Most people who operate DDoS-for-hire businesses attempt to hide their true identities and location. Proprietors of these so-called “booter” or “stresser” services — designed to knock websites and users offline — have long operated in a legally murky area of cybercrime law. But until recently, their biggest concern wasn’t avoiding capture or shutdown by the feds: It was minimizing harassment from unhappy customers or victims, and insulating themselves against incessant attacks from competing DDoS-for-hire services.
And then there are booter store operators like John Dobbs, a 32-year-old computer science graduate student living in Honolulu, Hawaii. For at least a decade until late last year, Dobbs openly operated IPStresser[.]com, a popular and powerful attack-for-hire service that he registered with the state of Hawaii using his real name and address. Likewise, the domain was registered in Dobbs’s name and hometown in Pennsylvania.
The only work experience Dobbs listed on his resume was as a freelance developer from 2013 to the present day.
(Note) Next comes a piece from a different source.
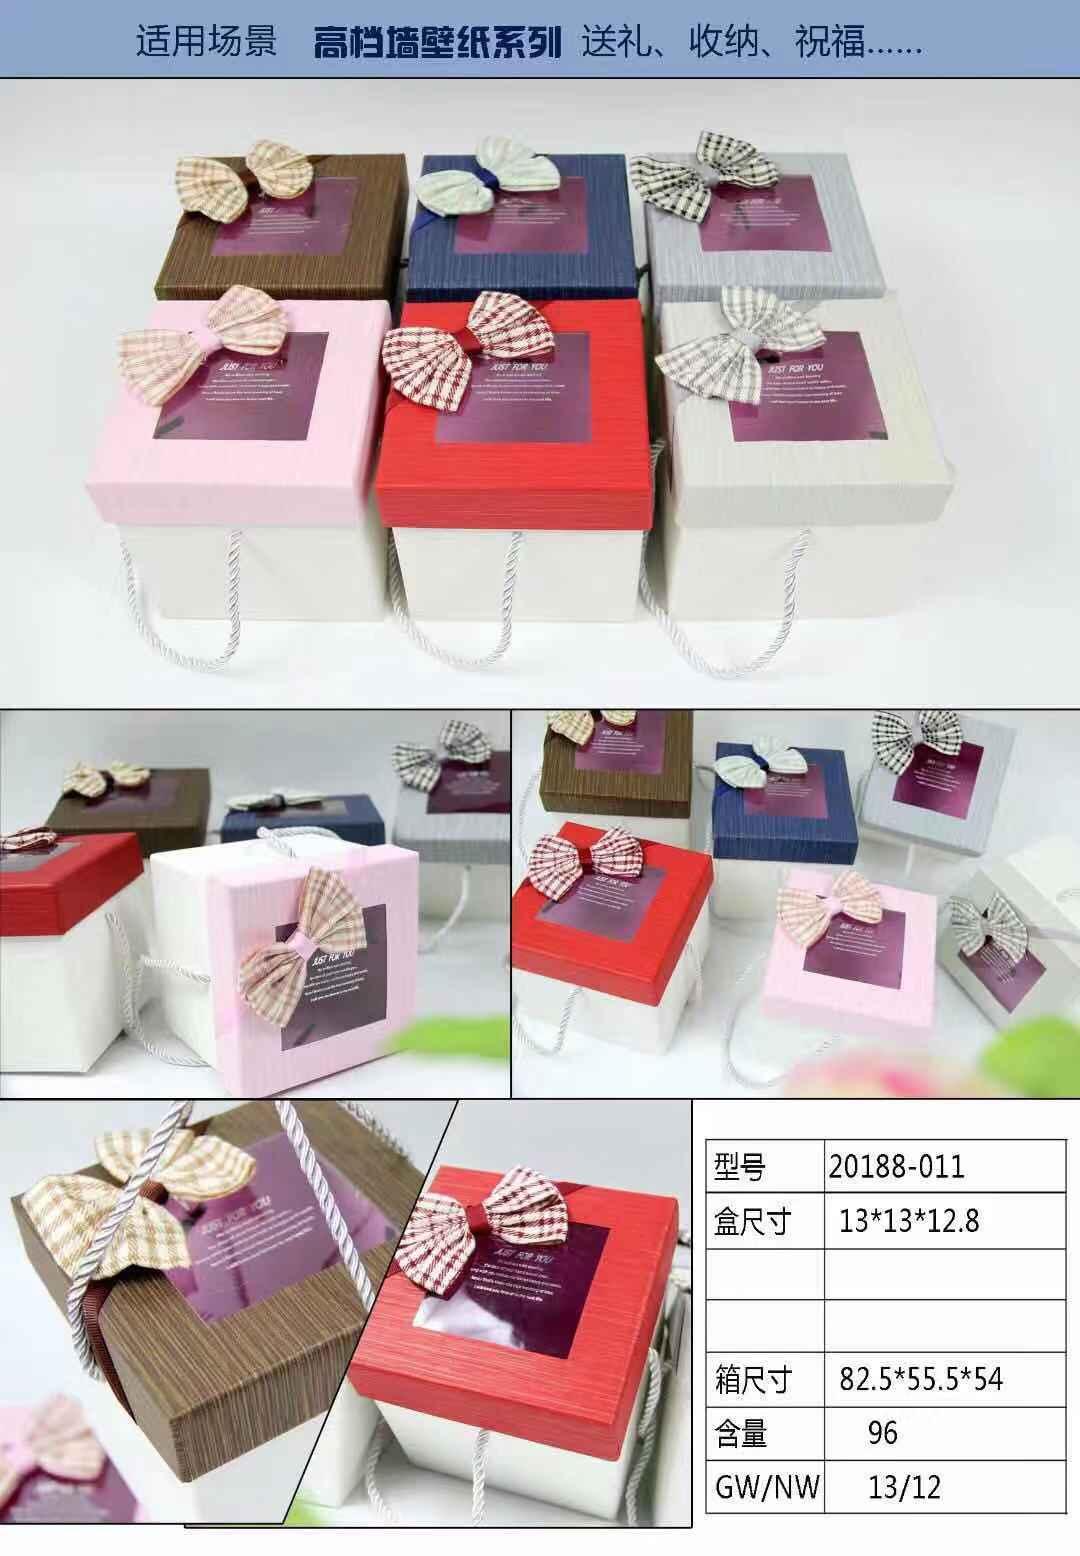 厂家定做超大号礼品包装盒圣诞礼物窗活动堆头道具摆设装饰礼盒
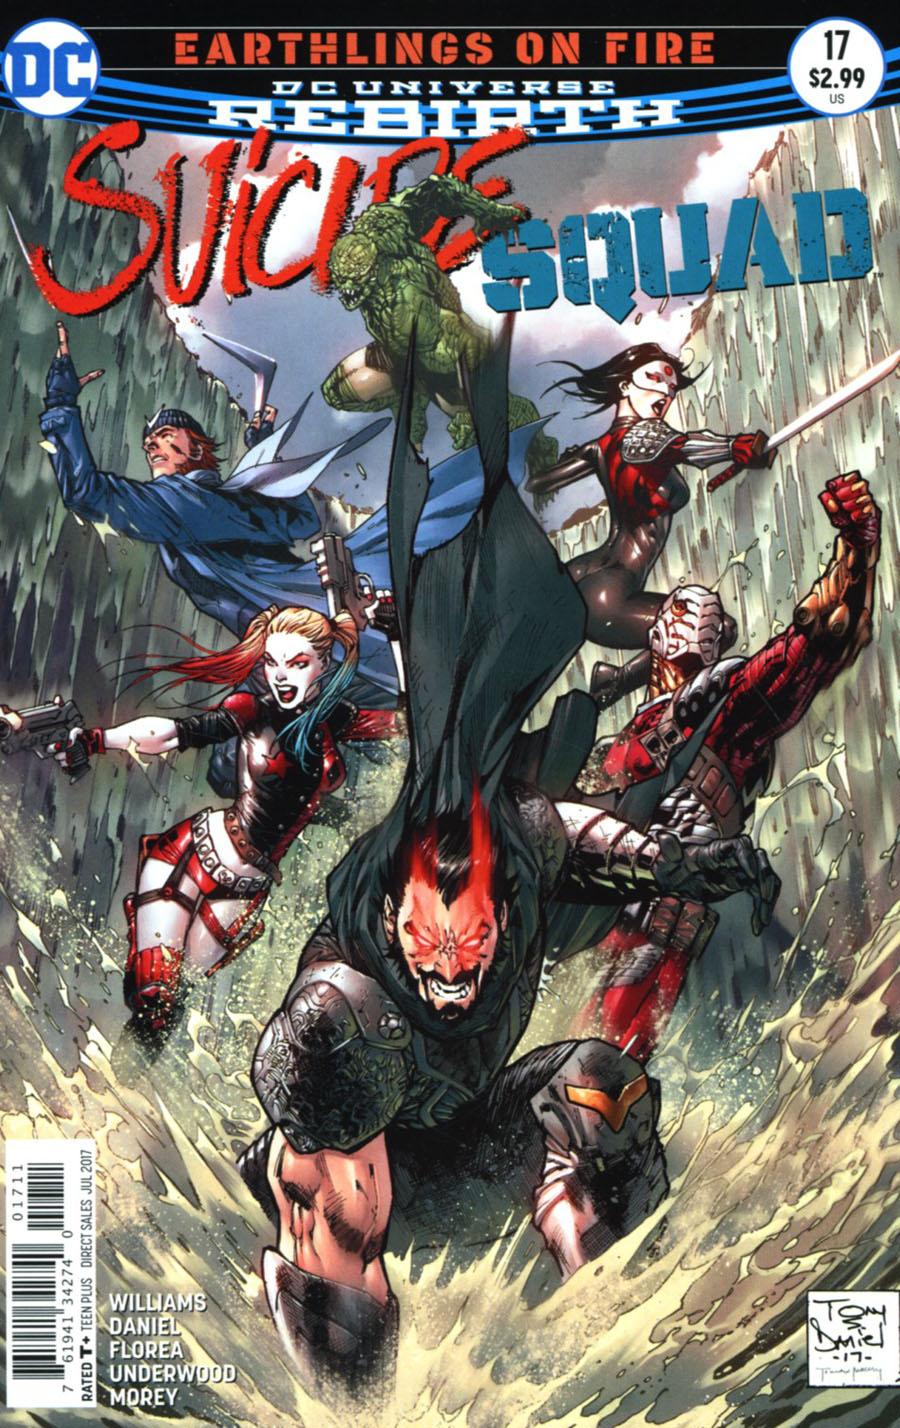 Suicide Squad Vol 4 #17 Cover A Regular Tony S Daniel Cover

Dobbs’s resume doesn’t name his booter service, but in it he brags about maintaining websites with half a million page views daily, and “designing server deployments for performance, high-availability and security.”
In December 2022, the U.S. Department of Justice seized Dobbs’s IPStresser website and charged him with one count of aiding and abetting computer intrusions. Prosecutors say his service attracted more than two million registered users, and was responsible for launching a staggering 30 million distinct DDoS attacks.
The government seized four-dozen booter domains, and criminally charged Dobbs and five other U.S. men for allegedly operating stresser services. This was the Justice Department’s second such mass takedown targeting DDoS-for-hire services and their accused operators. In 2018, the feds seized 15 stresser sites, and levied cybercrime charges against three men for their operation of booter services.
Many accused stresser site operators have pleaded guilty over the years after being hit with federal criminal charges. But the government’s core claim — that operating a booter site is a violation of U.S. computer crime laws — wasn’t properly tested in the courts until September 2021.
That was when a jury handed down a guilty verdict against Matthew Gatrel, a then 32-year-old St. Charles, Ill. man charged in the government’s first 2018 mass booter bust-up. Despite admitting to FBI agents that he ran two booter services (and turning over plenty of incriminating evidence in the process), Gatrel opted to take his case to trial, defended the entire time by court-appointed attorneys.
Prosecutors said Gatrel’s booter services — downthem[.]org and ampnode[.]com — helped some 2,000 paying customers launch debilitating digital assaults on more than 20,000 targets, including many government, banking, university and gaming websites.
Gatrel was convicted on all three charges of violating the Computer Fraud and Abuse Act, including conspiracy to commit unauthorized impairment of a protected computer, conspiracy to commit wire fraud, and unauthorized impairment of a protected computer. He was sentenced to two years in prison.
Now, it appears Dobbs is also planning to take his chances with a jury. On Jan. 4, Dobbs entered a plea of not guilty. Neither Dobbs nor his court-appointed attorney responded to requests for comment.
But as it happens, Dobbs himself provided some perspective on his thinking in an email exchange with KrebsOnSecurity back in 2020. I’d reached out to Dobbs because it was obvious he didn’t mind if people knew he operated one of the world’s most popular DDoS-for-hire sites, and I was genuinely curious why he was so unafraid of getting raided by the feds.
“Yes, I am the owner of the domain you listed, however you are not authorized to post an article containing said domain name, my name or this email address without my prior written permission,” Dobbs replied to my initial outreach on March 10, 2020 using his email address from the University of Hawaii at Manoa.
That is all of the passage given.